With the above objectives in mind, we are looking for submissions that could address, yet are not limited to, these questions:

 How do twenty-first century demographics affect conversations on ethnicity and race?

 Are there new ways, informed by our twenty-first century moment, to engage literature when considering issues such as race, class, gender, and sexuality?

 How has the state of ethnic literatures evolved during this century and how do our pedagogical practices reflect these changes?

 What is the landscape of gender debates in US ethnic literatures?

 How are ethnic masculinities portrayed in US ethnic literatures?

 Who are the emerging multiethnic writers in the United States and what stories are they telling or what different perspectives are they presenting in literature? Consider writers such as Daniel Black, Beth H. Piatote, Bryan Thao Worra, Debra Magpie Earling, Jade Chang, Colson Whitehead, lê thi diem thúy, Linda LeGarde Grover, Mohja Kahf, Claudia Rankine, Chimamanda Ngozi Adichie, Evelina Zuni Lucero, Randall Kenan, Paul Beatty, and others.

 Are there new ways to engage the works of established writers such as Richard Wright, Percival Everett, Gwendolyn Brooks, Ernest Gaines, Sherman Alexie, Zora Neale Hurston, Gish Jen, Toni Cade Bambara, Leslie Marmon Silko, Chang-Rae Lee, Toni Morrison, N. Scott Momaday, Walter Mosley, Gerald Vizenor, Phillis Wheatley, Langston Hughes, Vikram Chandra, Ishmael Reed, Maxine Hong Kingston, Alice Walker, David Henry Hwang, Zitkala-Sa, August Wilson, Joy Harjo, Ralph Ellison, Mitsuye Yamada, Jhumpa Lahiri, James Baldwin, Gloria Naylor, Maria Helena Viramontes, Shawn Wong, Louise Erdrich, or other well-known writers?

 How have ethnic literary and cultural movements (Afro-futurism, Native American Renaissance, Pinto Poets, and others) progressed during the twenty-first century?

 Are there new ideas in ethnic feminisms?

 What is the role of popular fiction (mystery, romance, speculative/science fiction, urban fiction, and so forth) in the twenty-first century literary landscape?

 How are US ethnic literatures representing sexuality and the ethnic/raced body?

 How are citizenship and immigration (e.g. post-911 ethnicity in the US; racial justice; the Confederate flag in South Carolina and across the US) represented in ethnic US literatures?

 What role do cultural themes such as food, ethnic gardens, religion, art, music, or travel play in literature by ethnic writers?

 What are the new critical issues in multiethnic literary studies resulting from increased literary production by diverse voices in US ethnic literatures, including new immigrant populations that have resulted in an expanded US citizenry and a broadened ethnic literary environment?

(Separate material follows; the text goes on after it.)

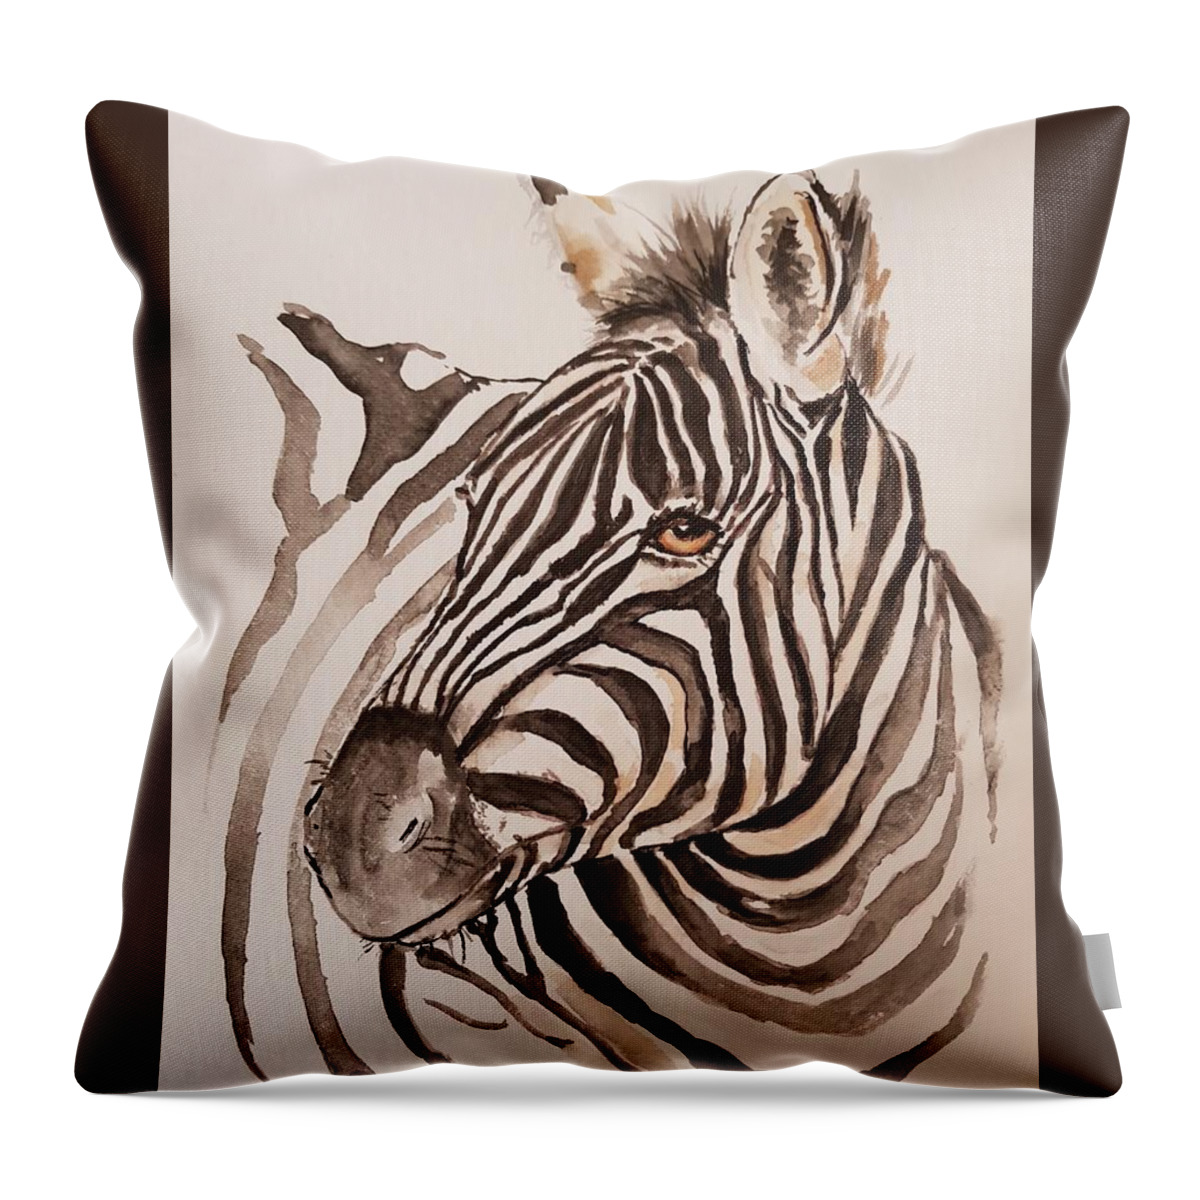 Zebra Throw Pillow featuring the painting Zebra by Ilona Petzer

The editors welcome theoretical examinations of these questions/topics. Submissions should be between 7,000 and 10,000 words, including notes and works cited, prepared according to the MLA Style Manual 7th edition. Please do not include the author’s name anywhere in the manuscript. Essays under review at other journals or previously published in any form will not be considered for publication in MELUS. Please also include a 250-word abstract with your submission. All submissions will go through MELUS’s normal refereeing process.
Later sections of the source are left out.